CVE-2025-13110 is a medium-severity authorization bypass vulnerability identified in the HUSKY – Products Filter Professional for WooCommerce plugin for WordPress, affecting all versions up to and including 1.3.7.3. The root cause is an Insecure Direct Object Reference (IDOR) vulnerability classified under CWE-639, which occurs in the woof_add_subscr function. This function fails to validate a user-controlled key parameter, allowing authenticated users with subscriber-level privileges or higher to manipulate the creation of product messenger subscriptions on behalf of other users, including administrators. This bypass of authorization controls can lead to unauthorized actions being performed with elevated privileges. The vulnerability is remotely exploitable over the network without user interaction, requiring only low privileges (subscriber level) to exploit. The CVSS 3.1 vector (AV:N/AC:L/PR:L/UI:N/S:U/C:N/I:L/A:N) reflects that while confidentiality and availability are not impacted, the integrity of the system can be compromised. No patches or fixes are currently linked, and no known exploits have been reported in the wild as of the publication date. The plugin is widely used in WooCommerce-based e-commerce sites, which are common across Europe, making this a relevant threat to organizations relying on this software for product filtering and subscription management.
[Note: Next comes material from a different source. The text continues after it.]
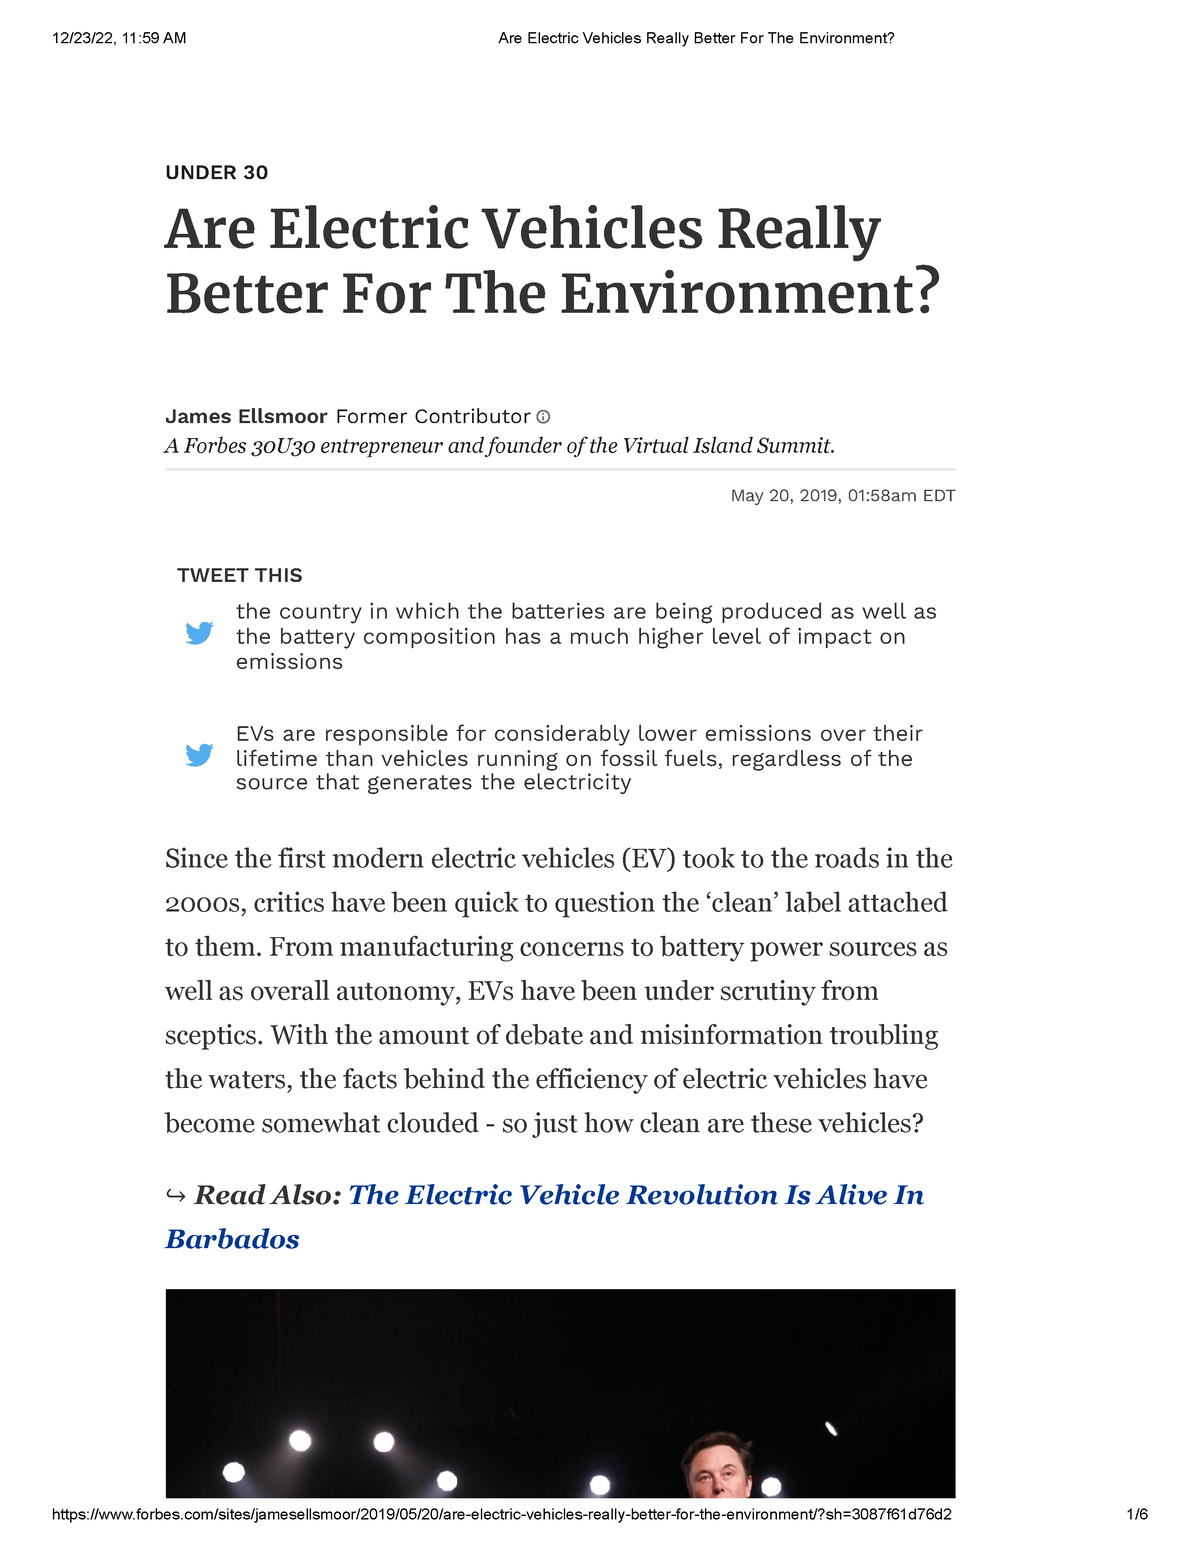 Are Electric Vehicles Really Better For The Environment A Forbes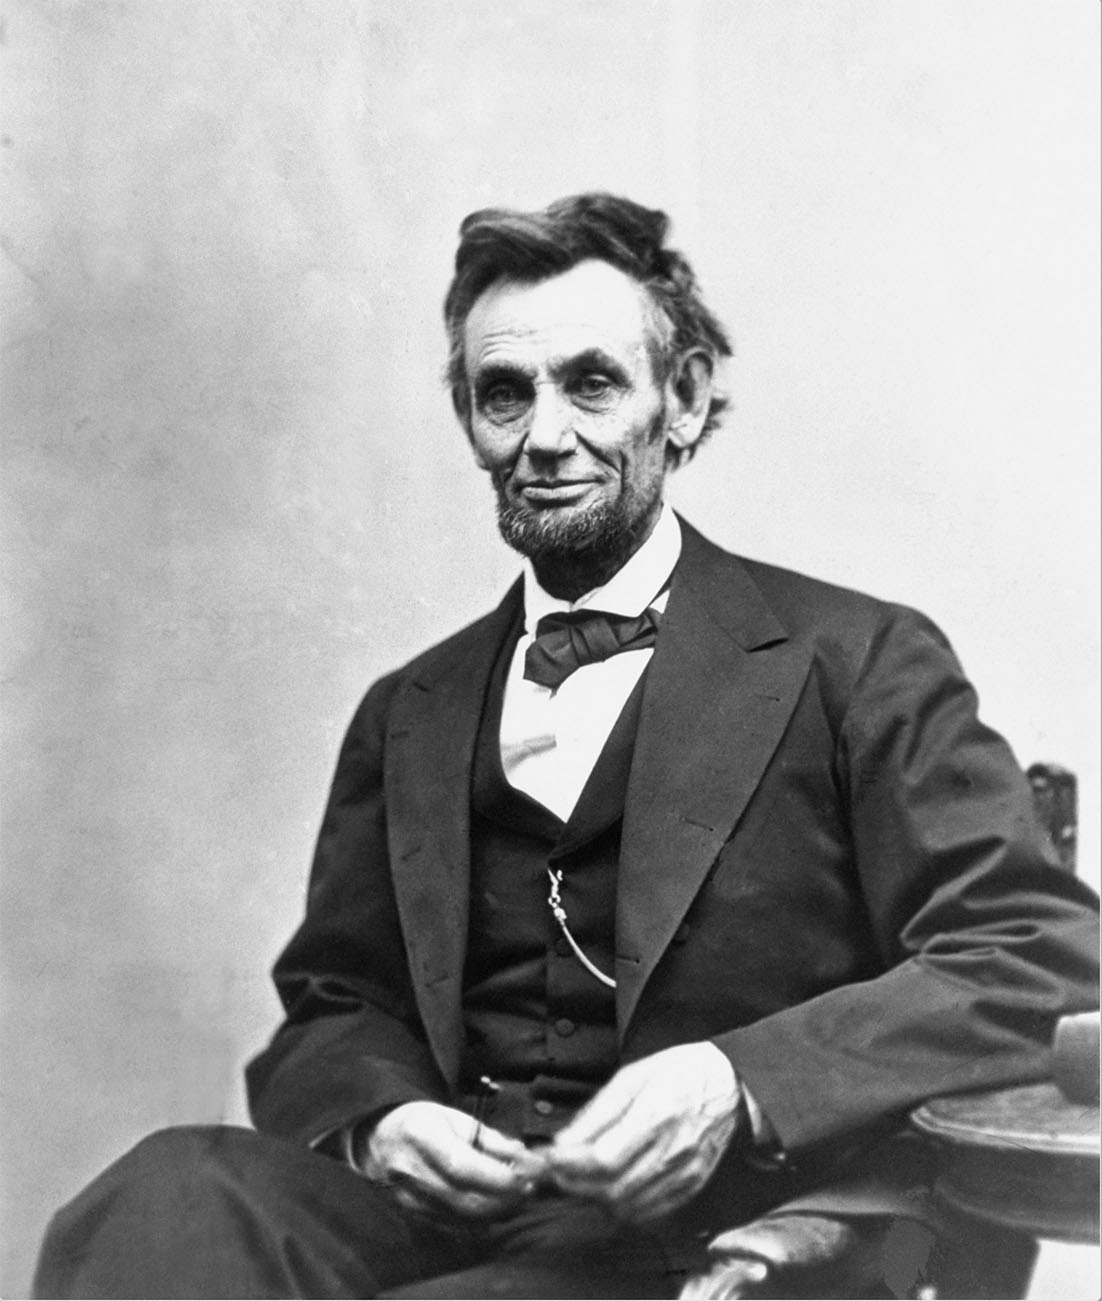 Colorize Filter- Lincoln in Black and White

For European organizations, this vulnerability poses a risk primarily to the integrity of their WooCommerce-based e-commerce platforms. Attackers with subscriber-level access can create or manipulate product messenger subscriptions on behalf of other users, including administrators, potentially enabling privilege escalation or unauthorized administrative actions. This could lead to unauthorized changes in product subscriptions, manipulation of customer data, or disruption of marketing and communication workflows. While the vulnerability does not directly impact confidentiality or availability, the integrity compromise can facilitate further attacks or fraud, damaging business operations and customer trust. Given the widespread use of WooCommerce in Europe, especially among small to medium-sized enterprises in retail and e-commerce sectors, the threat could affect a broad range of organizations. Additionally, unauthorized administrative actions could be leveraged to implant malicious code or alter site content, increasing the risk of reputational damage and regulatory non-compliance under GDPR if customer data is indirectly affected.

European organizations should immediately audit their WooCommerce installations to identify the presence of the HUSKY – Products Filter Professional plugin and its version. Since no official patch links are currently available, organizations should consider the following specific mitigations: 1) Restrict subscriber-level user capabilities by reviewing and tightening role permissions to limit access to functions related to product subscriptions. 2) Implement Web Application Firewall (WAF) rules to detect and block suspicious requests targeting the woof_add_subscr function or containing user-controlled keys in subscription creation parameters. 3) Monitor logs for unusual subscription creation activities, especially those initiated by subscriber-level accounts. 4) Temporarily disable or replace the vulnerable plugin with alternative product filtering solutions until a patch is released. 5) Engage with the plugin vendor or community to obtain updates or patches as soon as they become available. 6) Educate site administrators and users about the risks of privilege escalation and enforce strong authentication and session management practices to reduce the risk of compromised accounts being exploited.